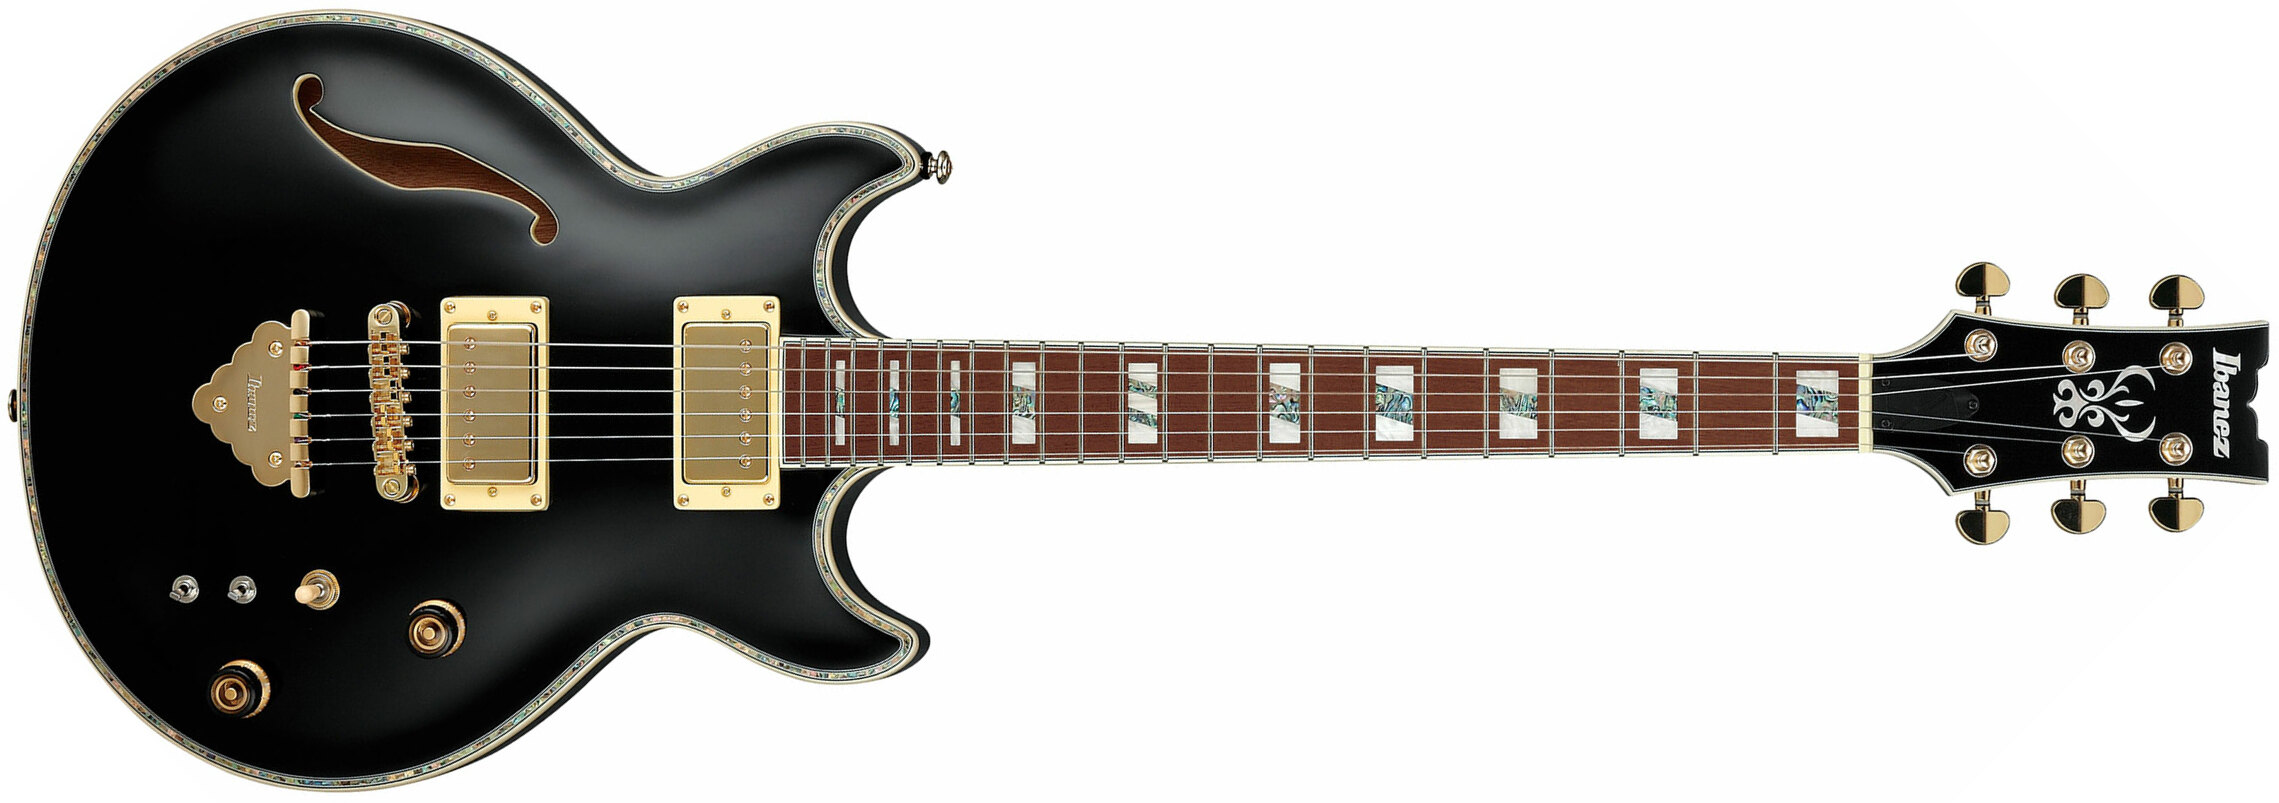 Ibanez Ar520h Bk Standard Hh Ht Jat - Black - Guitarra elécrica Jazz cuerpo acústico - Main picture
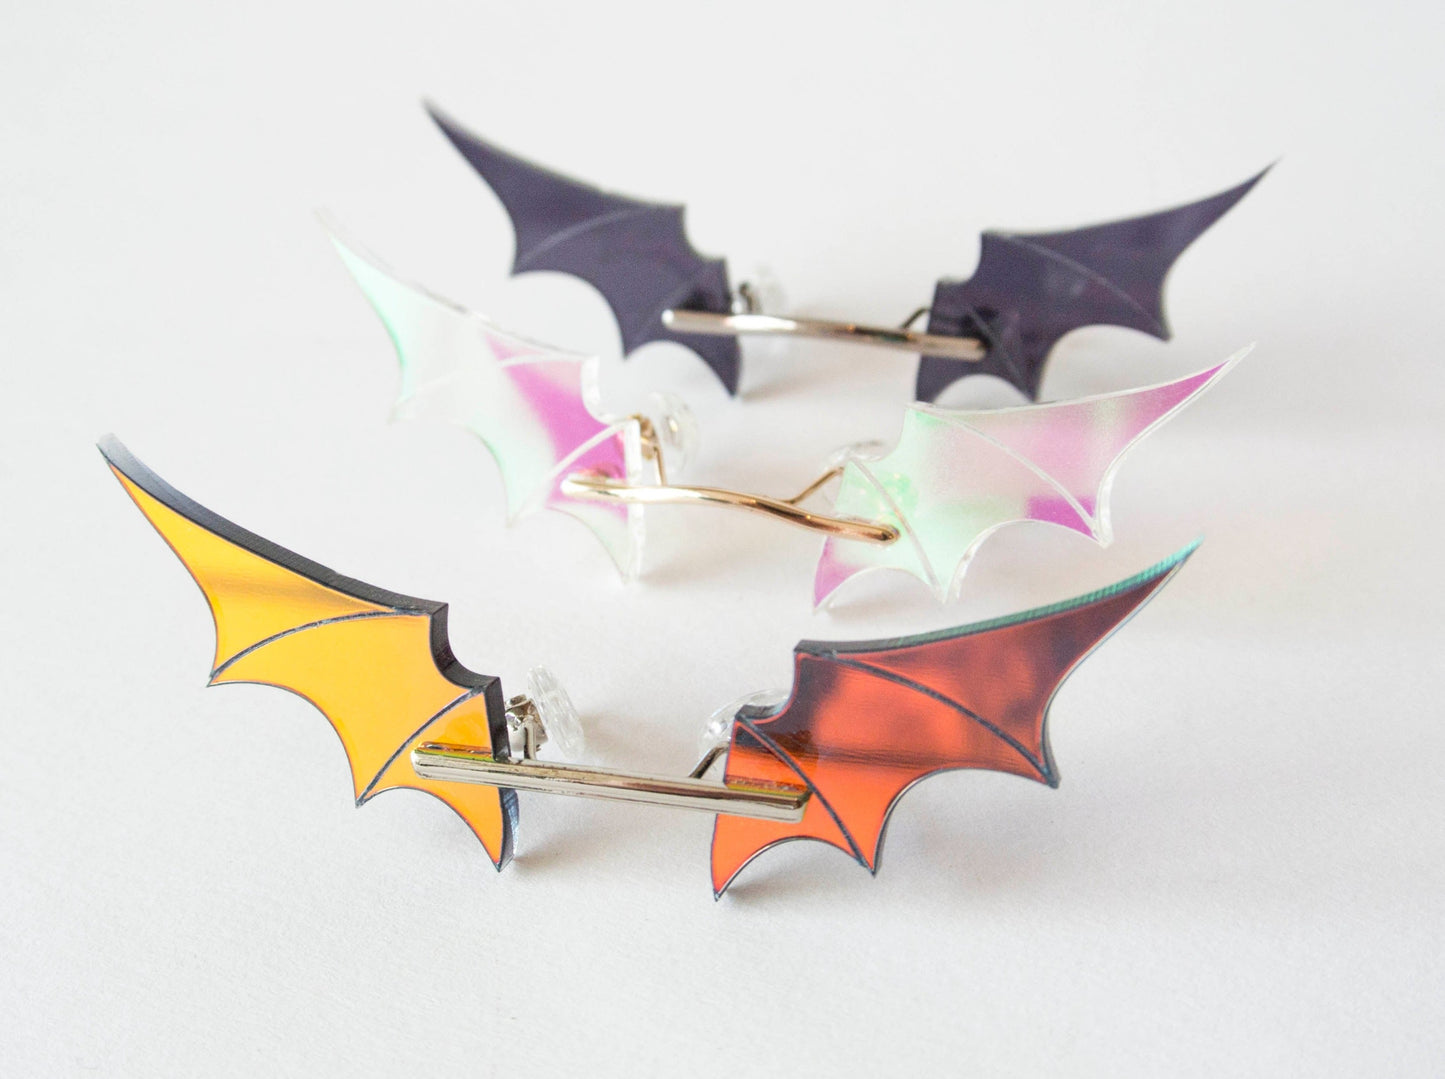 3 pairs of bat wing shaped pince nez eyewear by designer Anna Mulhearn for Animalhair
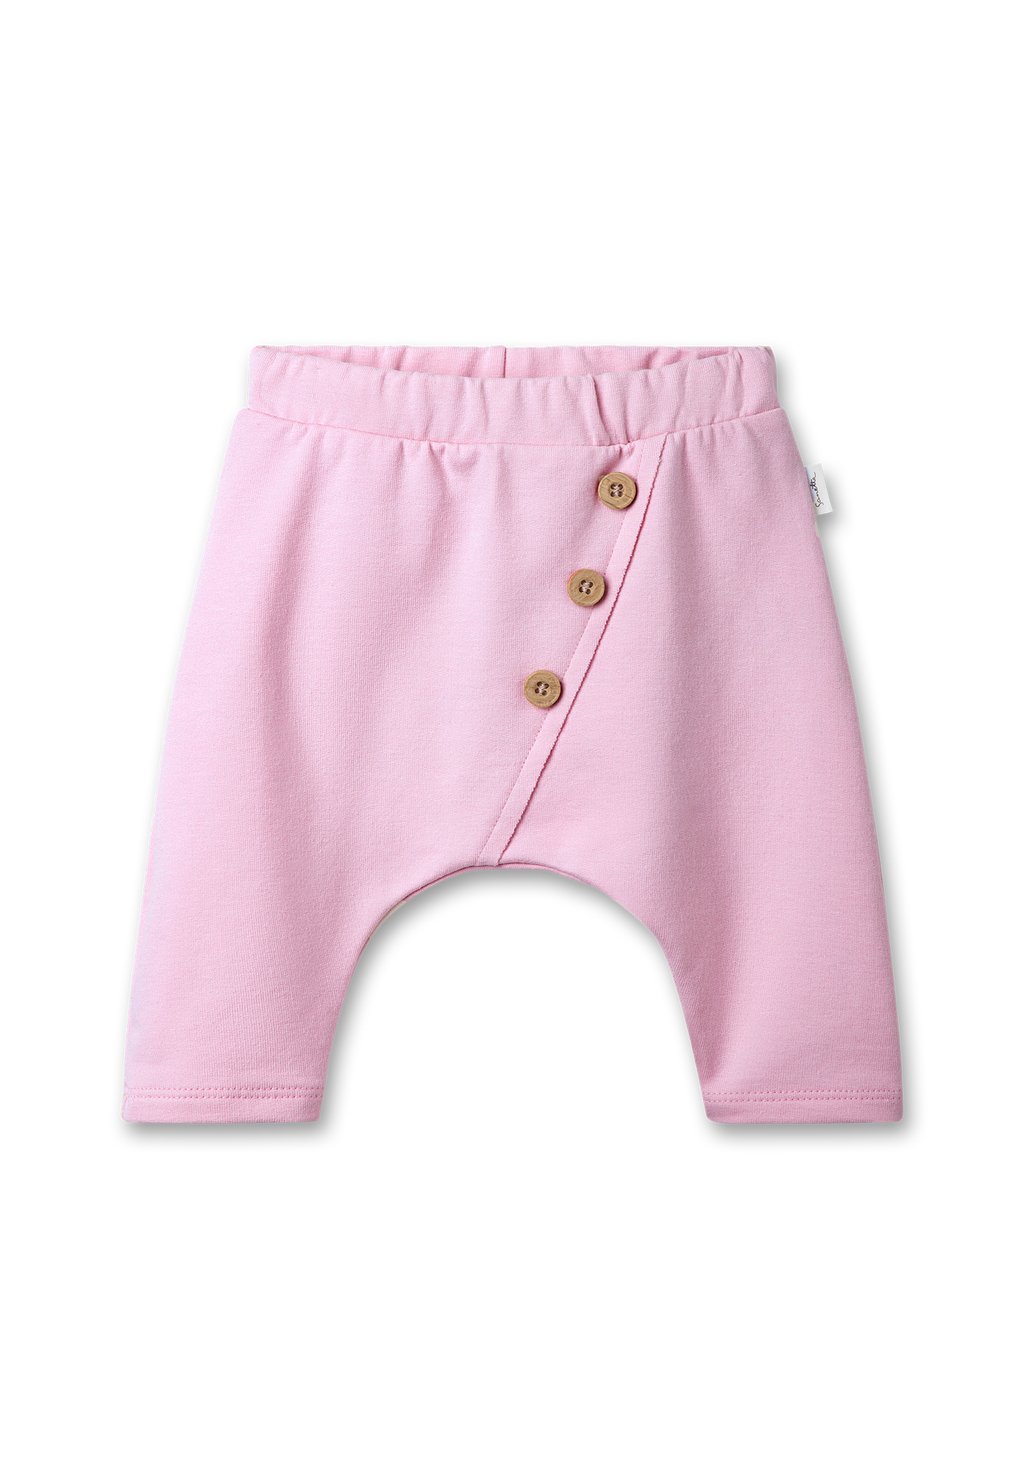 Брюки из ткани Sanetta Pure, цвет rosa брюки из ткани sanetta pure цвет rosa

- [Your instructions]: Transcribe every line of the data exactly. No pictures go in the copy.

- [Solution to the problem]:
 Ibanez Ar520h Bk Standard Hh Ht Jat - Black - Guitarra elécrica Jazz cuerpo acústico - Main picture
 3 pairs of bat wing shaped pince nez eyewear by designer Anna Mulhearn for Animalhair
 Брюки из ткани Sanetta Pure, цвет rosa брюки из ткани sanetta pure цвет rosa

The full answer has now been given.